1 、高维数组
1.1 回归数据
回归数据主要是波士顿房价的数据,连续对应回归
#回归数据
import torch
import torch.utils.data as Data
from sklearn.datasets import load_boston,load_iris
import numpy as np
#整个程序的流程如下:
#(1)load_boston:加载数据,得到训练集trian_x,train_y。数据类型为np.float32,需要——>np.float64
# (2)trian_x,trian_y转为np.float
# (3)再将训练集转化为Tensor
#(4)将上面的张量数据集送入加载器DataLoader
#(5)再用for setp,(x,y) in enumerate(train_loader): 得到数据和标签,x是数据,y是标签
boston_x,boston_y = load_boston(return_X_y=True)
#load_boston:如果是True的话,返回(data, target)
#506处波士顿不同地理位置的房产的房价数据(因变量),和与之对应的包含房屋以及房屋周围的详细信息(自量),其中包含城镇犯罪率、一氧化氮浓度、住宅平均房间数、到中心区域的加权距离以及自住房平均房价等13个维度的数据
# print(boston_x)
# print(boston_y)
# print(boston_x.shape) #(506, 13)
# print(boston_y.shape) #(506,)
# print('boston_x.dtype',boston_x.dtype)
# print('boston_y.dtype',boston_y.dtype)
train_xt = torch.from_numpy(boston_x.astype(np.float32))
train_yt = torch.from_numpy(boston_y.astype(np.float32))
# print('train_xt.shape',train_xt.shape)
# print('train_yt.shape',train_yt.shape)
# print('train_xt.dtype',train_xt.dtype)
# print('train_yt.dtype',train_yt.dtype)
train_data = Data.TensorDataset(train_xt,train_yt)

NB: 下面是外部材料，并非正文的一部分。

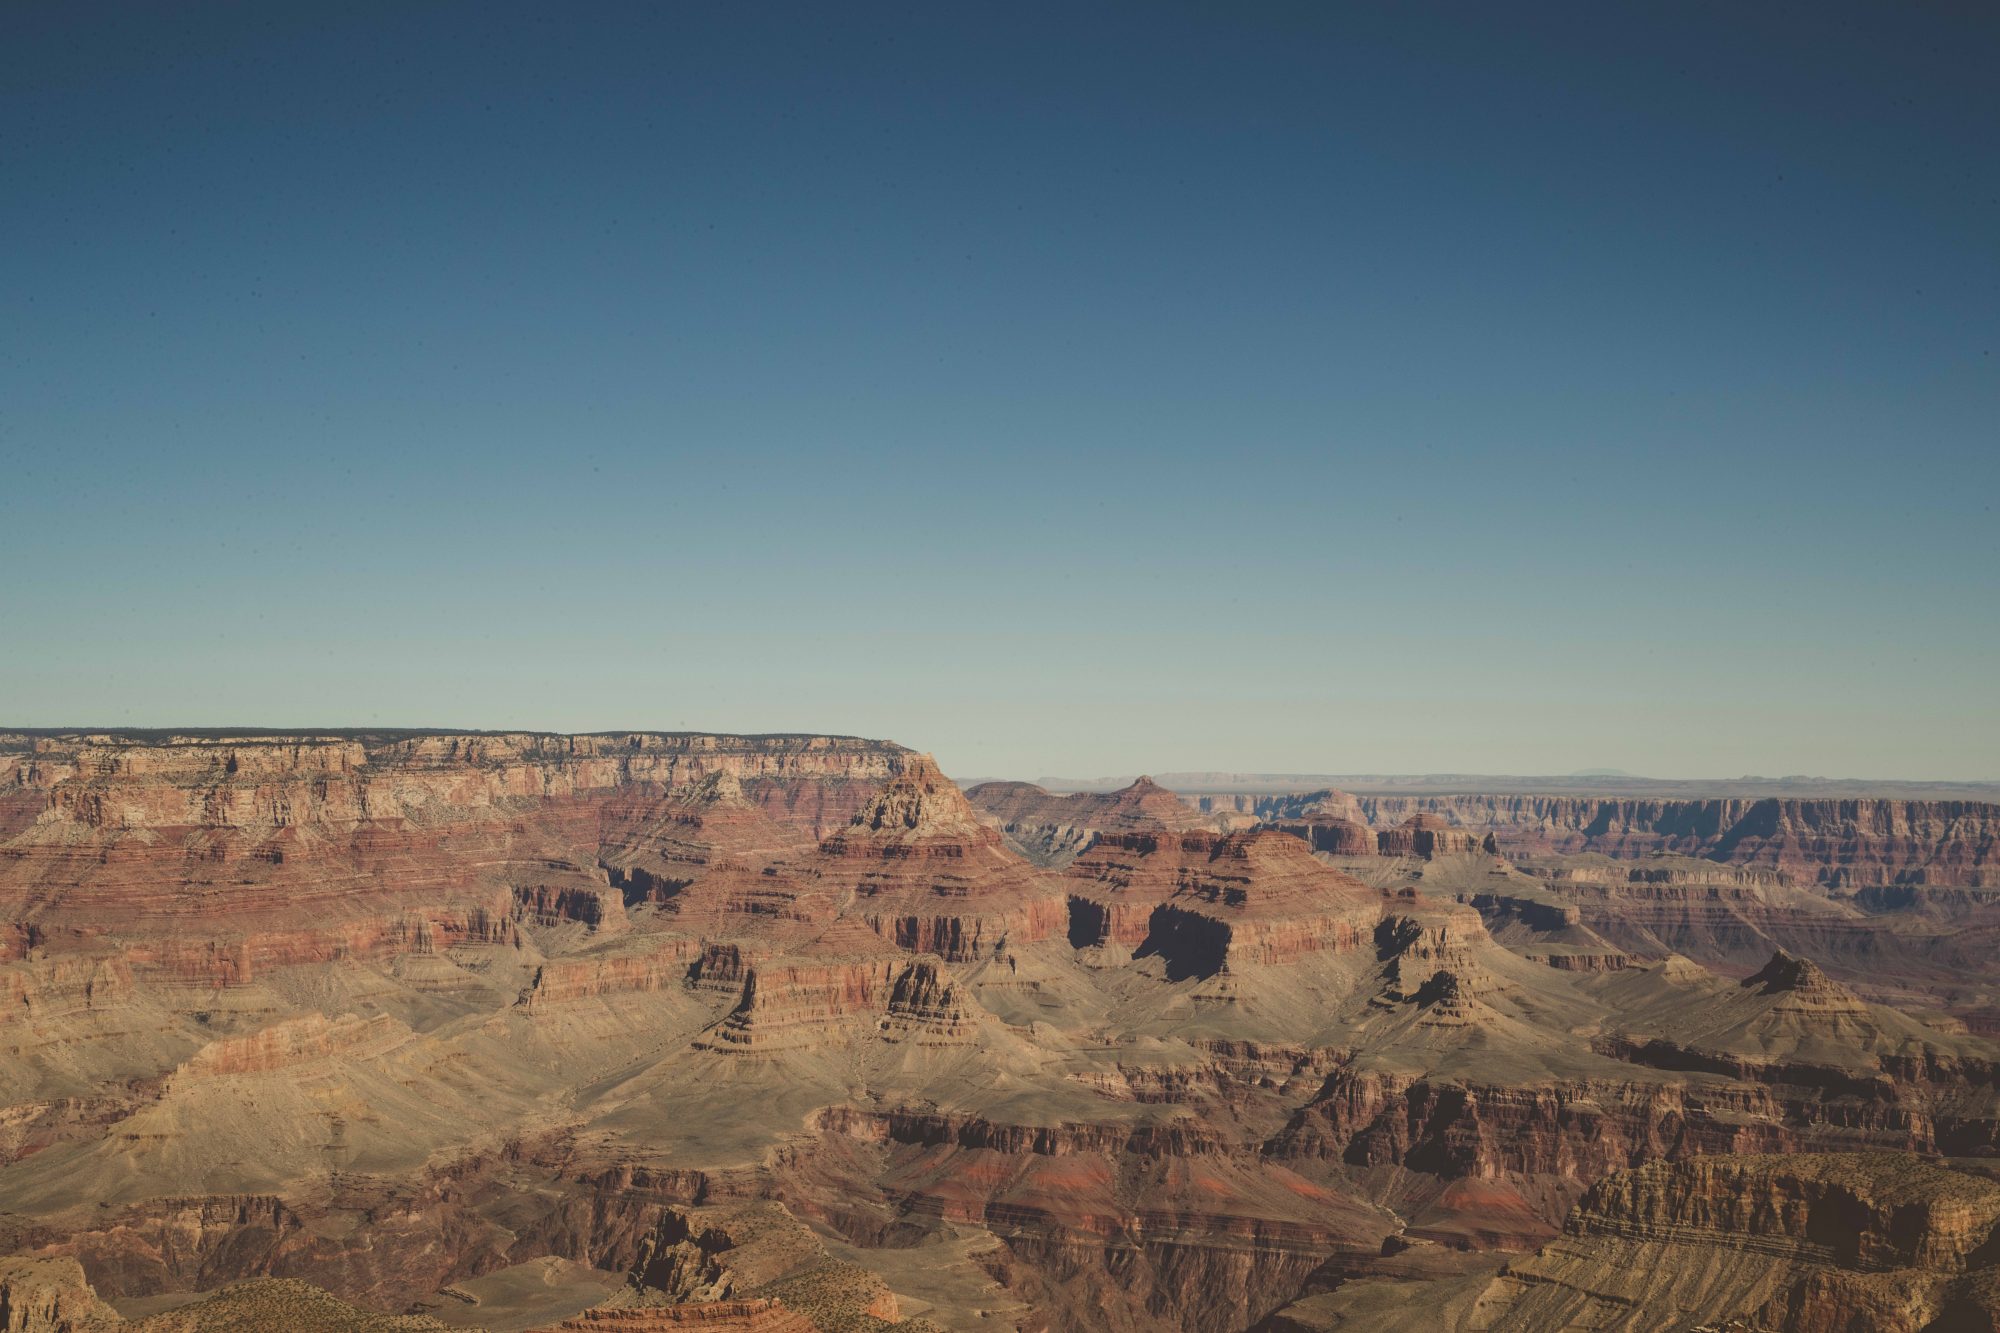 Late afternoon view of the Grand Canyon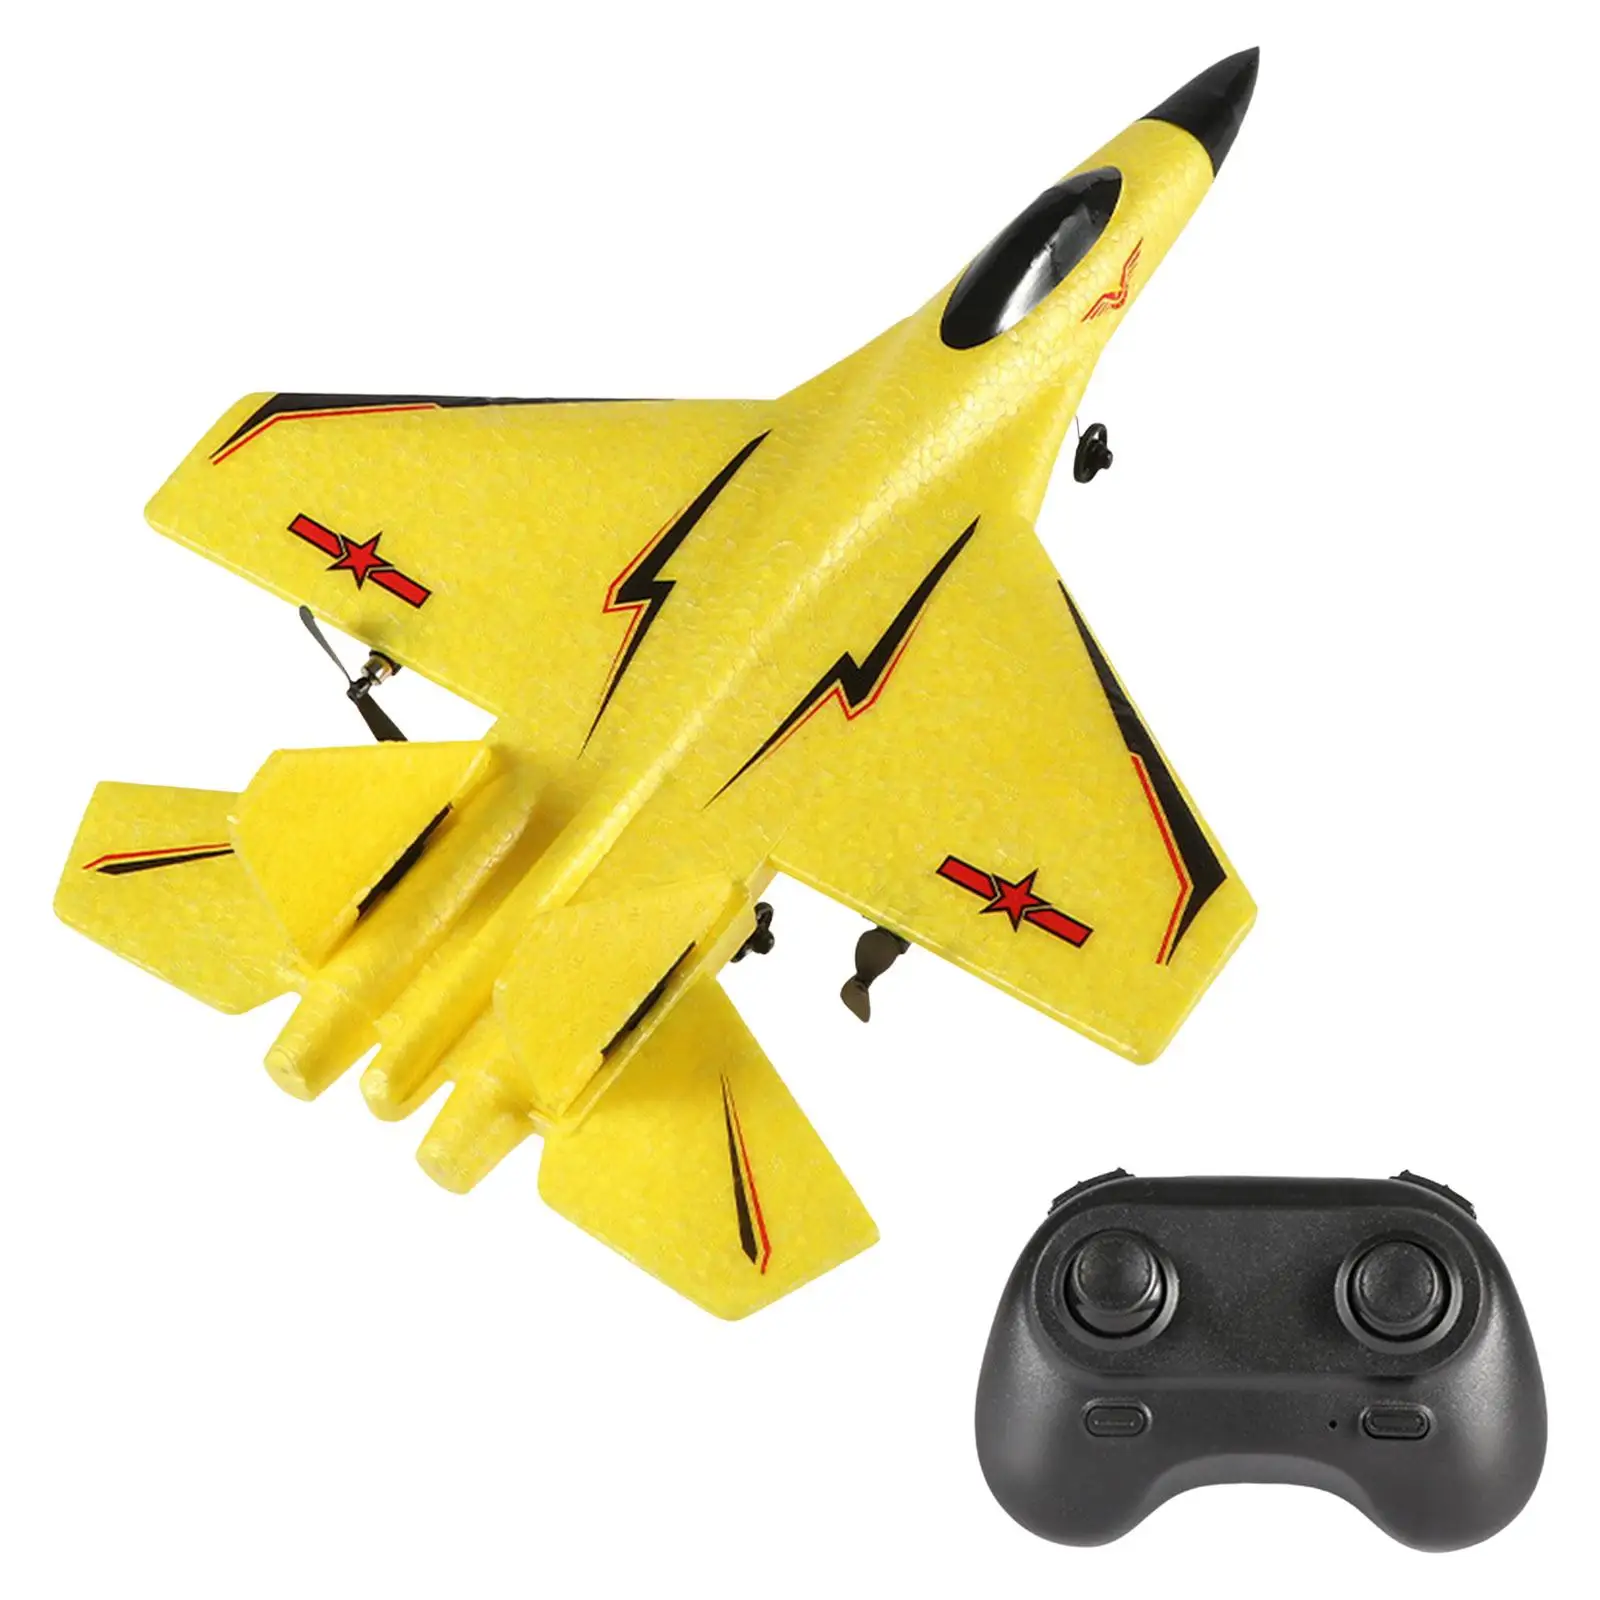 RC Plane Foam Airplane A Key to Take Off Easy to Control Outdoor Toy 2 Channel Fighter Model RC Fixed Wing RC Jet Glider

train_loader = Data.DataLoader(
dataset= train_data,
batch_size=64,
shuffle=True,
num_workers=0,
)
# num_workers = 0 :代表不使用多线程
#检测训练数据集的一个batch的样本维度是否正确
for step , (b_x,b_y) in enumerate(train_loader):
# print(step) #这里不太明白step是什么意思
if step >0:
break
print('b_x.shape',b_x.shape) #b_x.shape torch.Size([64, 13]),本来一个batch即原数据boston_x为[506,13],现在用上面的数据加载器里面定义的batchsize改成了64,即减小了输入的长度,更快训练?
print('b_y.shape',b_y.shape) #b_y.shape torch.Size([64])
print('b_x.dtype',b_x.dtype)
print('b_y.dtype',b_y.dtype)
1.2 分类数据
回归数据主要是波士顿房价的数据,离散对应分类
#分类数据
import torch
import torch.utils.data as Data
from sklearn.datasets import load_iris
import numpy as np
# (1)加载数据:load_iris(return_X_y=True)
# (2)数据转为浮点数32位:train_x = torch.from_numpy(iris_x.astype(np.float32))
# (3)数据再转为Tensor:train_data = Data.TensorDataset(train_x,train_y)
# (4)送入数据进加载器,设batchsize等:train_loader = Data.DataLoader(dataset=train_data)
# (5)获得一个新定义的batch数据:for setp,(i_x,i_y) in enumerate(train_loader):
iris_x,iris_y = load_iris(return_X_y=True)
# print(iris_x.shape) #(150, 4)
# print(iris_y.shape) #(150,)
train_xt = torch.from_numpy(iris_x.astype(np.float32))
train_yt = torch.from_numpy(iris_y.astype(np.float32))
train_data = Data.TensorDataset(train_xt,train_yt)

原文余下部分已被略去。